How big do most rats get? I thought my guys were probably at the largest they would get, but some of the stuff I'm reading on this forum makes me think they might get bigger, especially since they're boys. Could anyone give me some ideas how big I can expect them to get? Thanks.


----------



## ameliaflame (Nov 28, 2006)

Hmm just a sec let me measure my fairly big gal...oooh exactly a foot from tail to nose! So yes, I guess they could get bigger! I thought my girl would get bigger but she never did.


----------



## FalconStorm (Nov 28, 2006)

Hmm.
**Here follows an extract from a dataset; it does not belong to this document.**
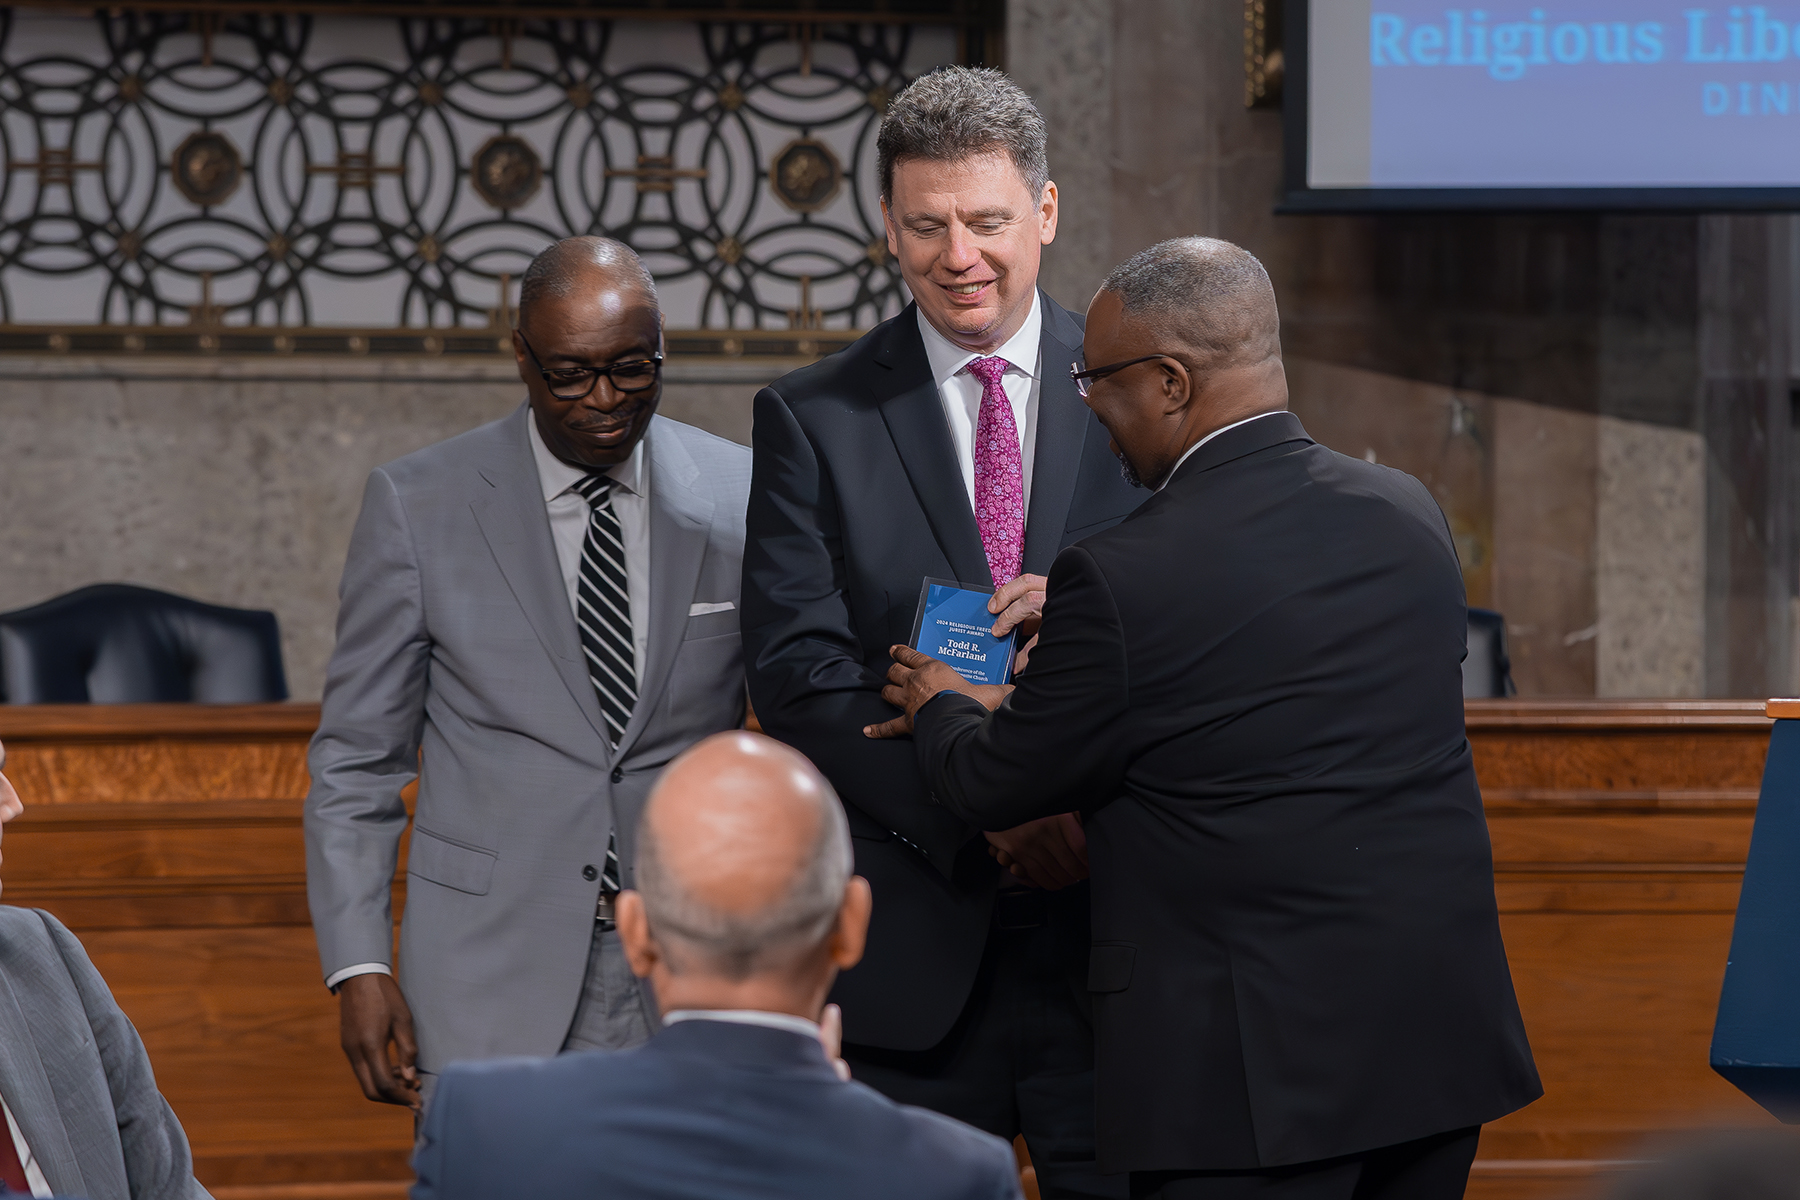 A white man receives an award from a black man as another black man looks on.

I think my guys might be around that, maybe a little shorter. Of course, they'll fill out some as they mature, I assume, just like any other animal. Cool. Thanks.


----------



## Andrea (Nov 29, 2006)

Males get bigger. I had 2 males once and they were huge. Took 2 hands to lift them at all times and that was a struggle. I think it can depend on the parents also, ive seen males that didnt grow to be no where near the size my 2 were. How old are yours now?


----------



## FalconStorm (Nov 28, 2006)

I think they're fairly young. I adopted them from a pet store that had raised them because the mom gave birth at the store, but I forgot to ask how long ago that was. I'm guessing about two or three months old. Probably hasn't been long since they were weaned.


----------



## Andrea (Nov 29, 2006)

Aww bless. They could still have some growing to do yet then.


----------



## FalconStorm (Nov 28, 2006)

Maybe. I checked with the pet store I adopted them from and the person I talked to says they think they're more like six weeks old...seven, now. I bet they do have some growing to do. I've already noticed them growing some now that I have them on a better diet than the seed stuff the store was feeding them...


----------



## fallinstar (Nov 26, 2006)

my rats are huge my lil girl never grew that big ! ive got a huge scratch on my neck frm my roobs lol


----------



## lunascrest (Dec 6, 2006)

I have a male rat who is gigantic. He's about a foot and 6 inches from nose to tail. He's reeeaaallllyyy old now, he's senile and almost completely blind.


----------



## JennieLove (Jan 2, 2007)

That is one BIG rat! Haha My boys are still growing and all I know is that they are 2lbs+ Since last going to the vets.


----------



## FalconStorm (Nov 28, 2006)

Wow, maybe they'll get a lot bigger. I know they've grown in the month I've had them. They've probably added almost an inch to their length and an inch in girth. One of them is developing crinkly fur on his back, so I wonder if there's some Rex in their lineage. (They're all brothers.)


----------